Discovered by Armis Labs, this new threat applies to mobile phones, computers, and IoT devices. To leverage it, an attacker begins by scanning for active Bluetooth connections within 32 feet. They then choose a device (even if it’s not in “discoverable” mode) and obtain its MAC address, an identifier which they can use to probe the device and determine its operating system. With that knowledge, the bad actor can craft an exploit for one of eight zero-day vulnerabilities affecting the implementation of the Bluetooth protocol to take full control of the device… all within a mere 10 seconds!
Here’s a demonstration video of how someone could leverage Blueborne to compromise an Android phone.
Once a nefarious individual has successfully taken over a device using BlueBorne, they can do lots of things. They could choose to create a man-in-the-middle attack, for instance, and thereby intercept the device’s communication. Alternatively, they could enlist a compromised IoT device into a Mirai-based botnet in order to conduct distributed denial-of-service (DDoS) attacks and/or fulfill other criminal purposes.
So what makes BlueBorne so serious? Armis Labs has the answer:
“The BlueBorne attack vector has several qualities which can have a devastating effect when combined. By spreading through the air, BlueBorne targets the weakest spot in the networks’ defense – and the only one that no security measure protects. Spreading from device to device through the air also makes BlueBorne highly infectious. Moreover, since the Bluetooth process has high privileges on all operating systems, exploiting it provides virtually full control over the device.”
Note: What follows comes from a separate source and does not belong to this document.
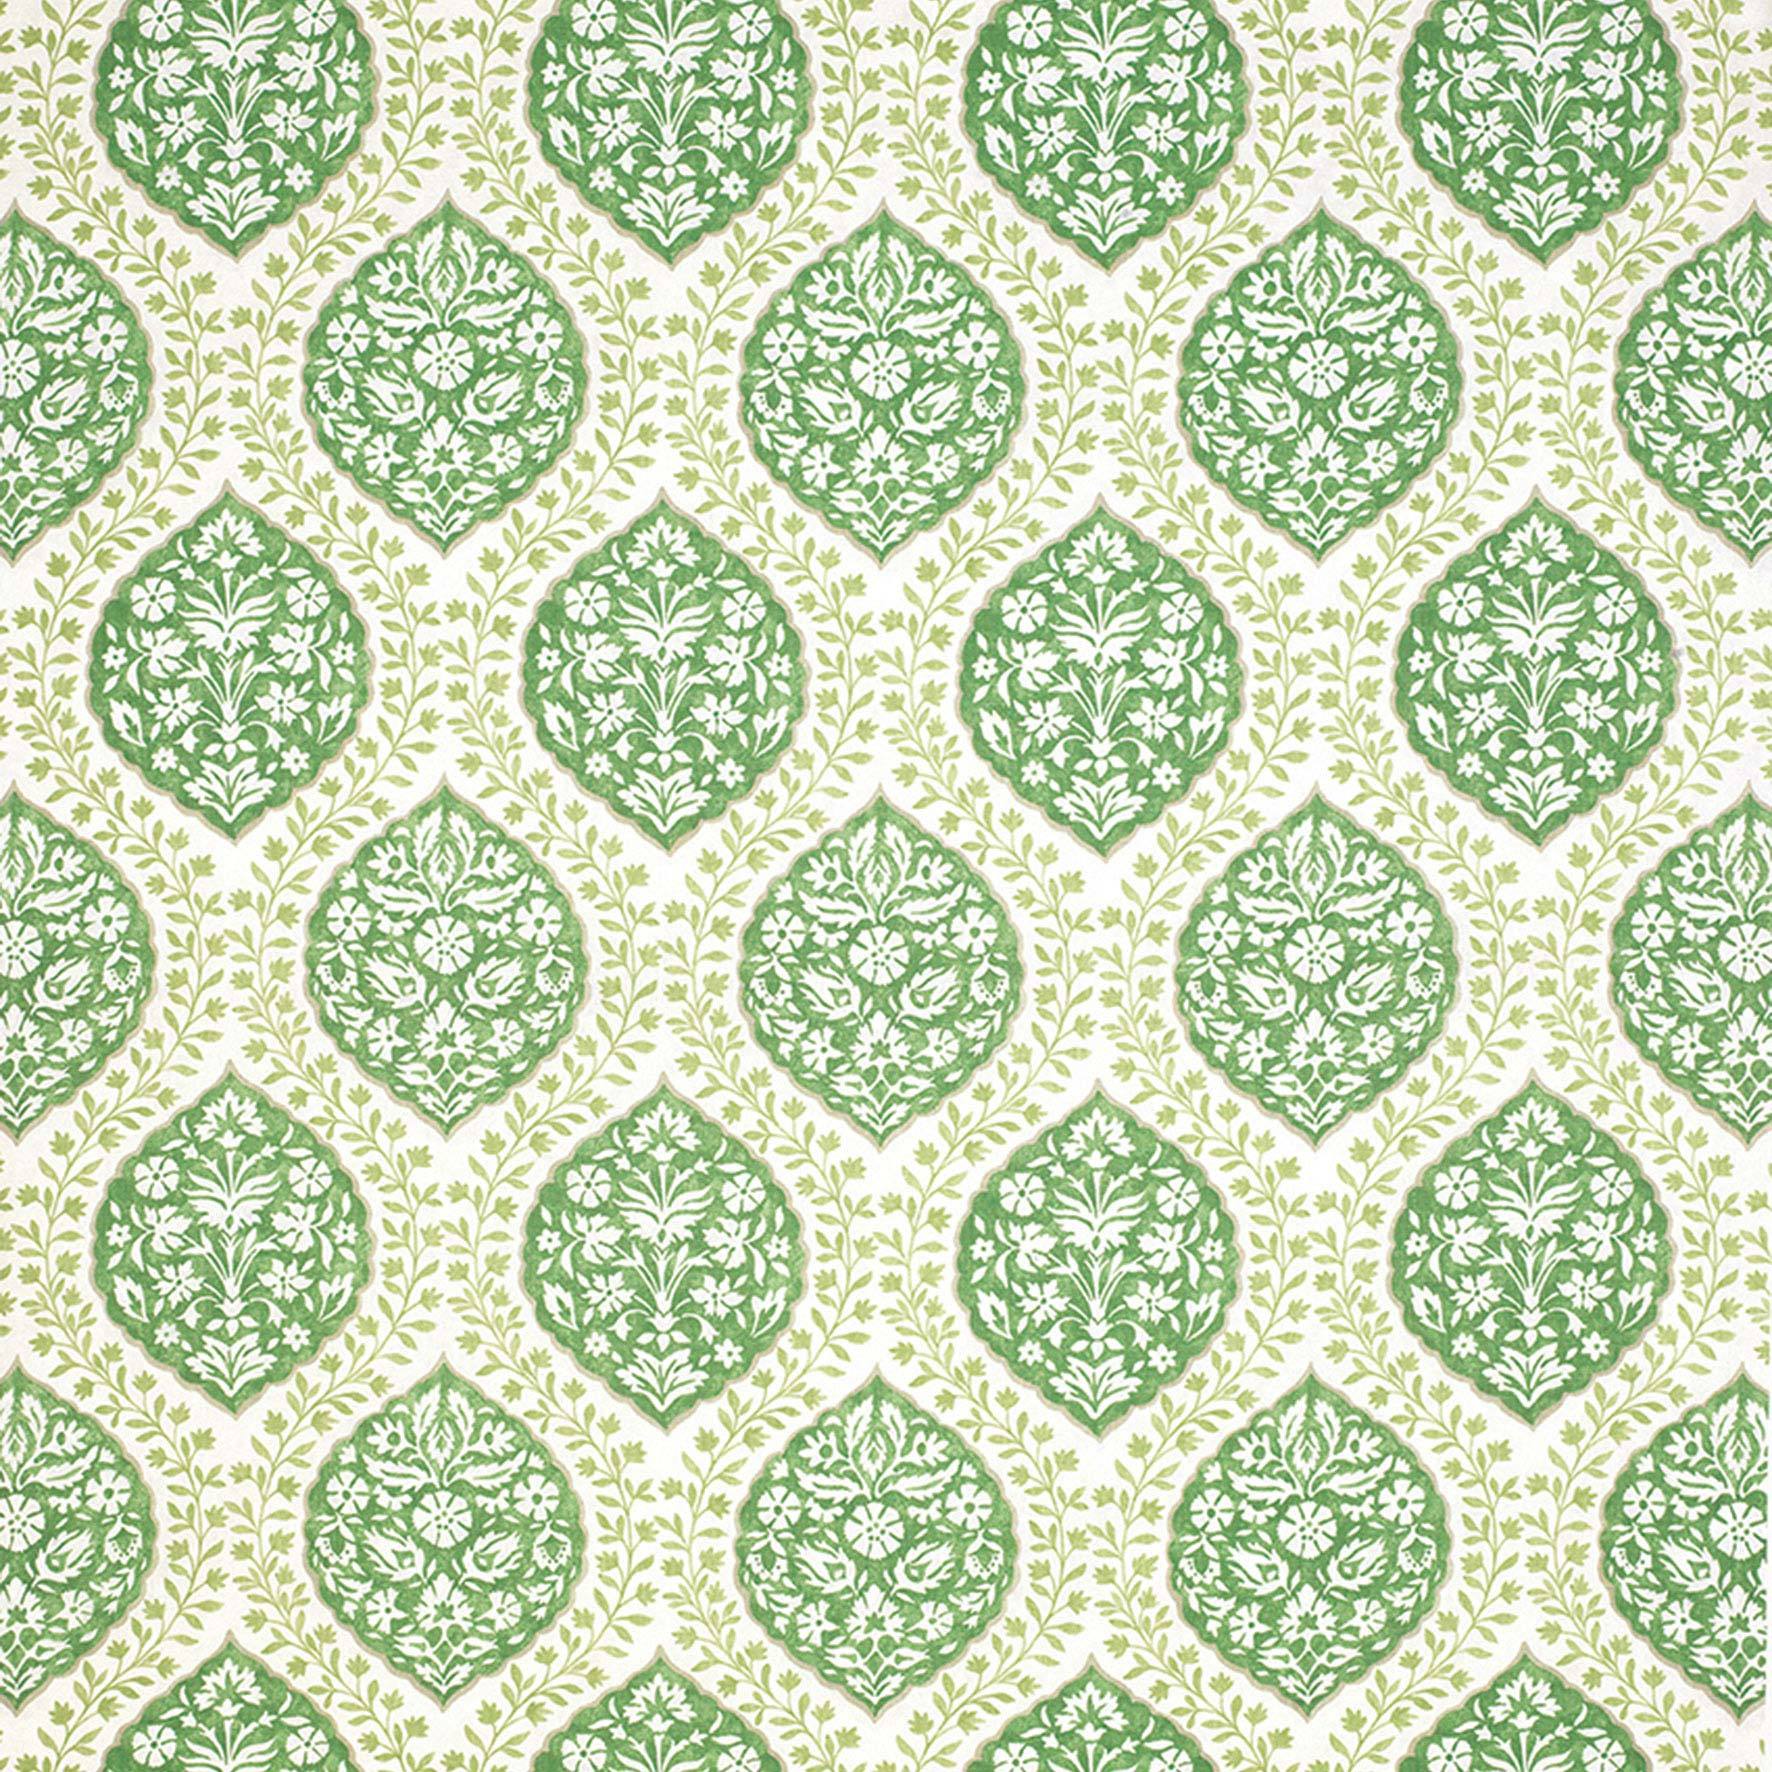 Nina Campbell Fabric - Les Rêves Marguerite Green/Ivory NCF4294-02

More than 8 million devices come with Bluetooth capabilities today. Given BlueBorne’s widespread threat profile, Armis Labs took it upon itself to notify some of the biggest tech manufacturers about the attack vector and the eight zero-day flaws of which it consists.
Google and Microsoft both subsequently released updates by the beginning of September 2017, for their affected devices, which included all Android phones of every version and every Windows computer since Windows Vista.
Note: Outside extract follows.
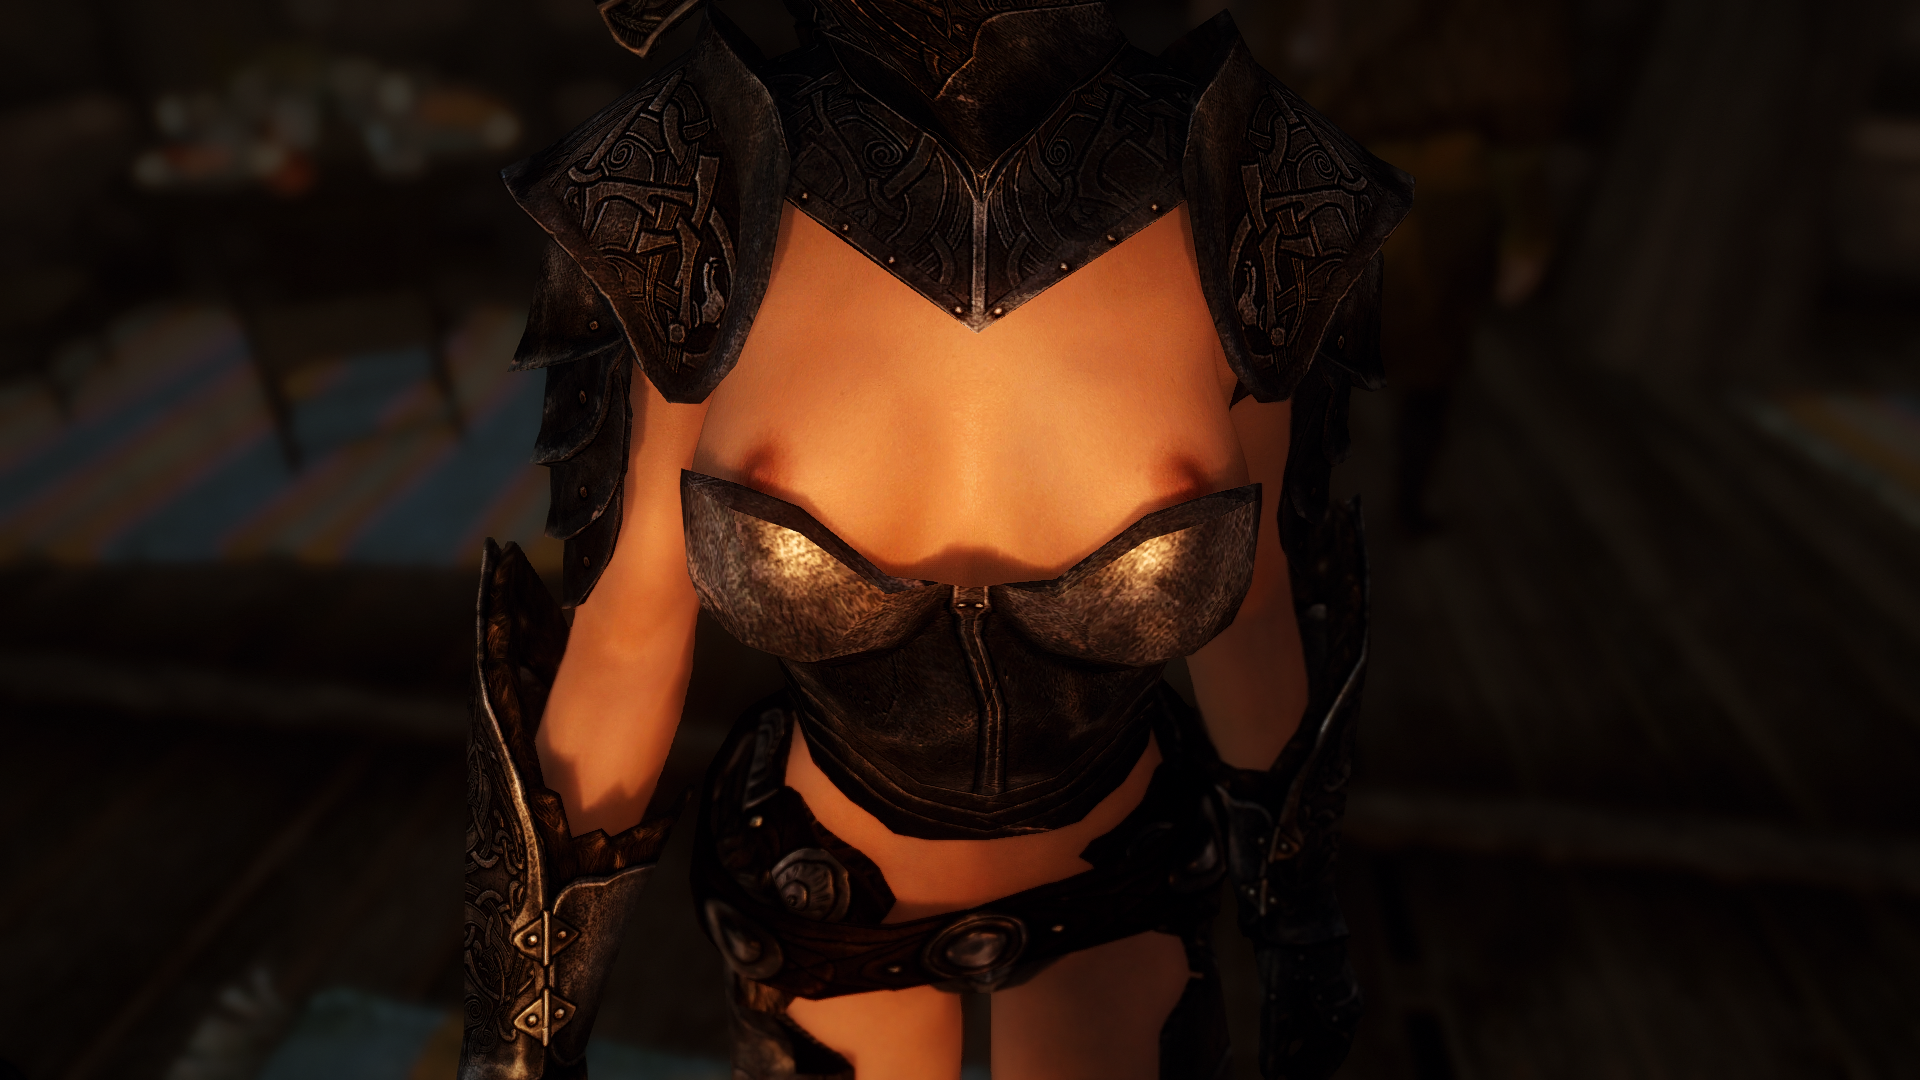 Nipples showing with armor on Skyrim Technical Support LoversLab. www.lover...

Meanwhile, the flaws don’t affect any of Apple’s products so long as users are running a device with an iOS version above 9.3.5.
Armis Labs also contacted Samsung on three separate occasions. But the company didn’t respond back to any of the researchers’ correspondence. Perhaps they’d have better luck submitting a bug report through Samsung’s new bug bounty program?
Users can help protect themselves against attacks like Blueborne by patching their devices of all (available) software updates. They should also not leave Bluetooth enabled all the time. Whenever they’re not using the protocol, they should disable it.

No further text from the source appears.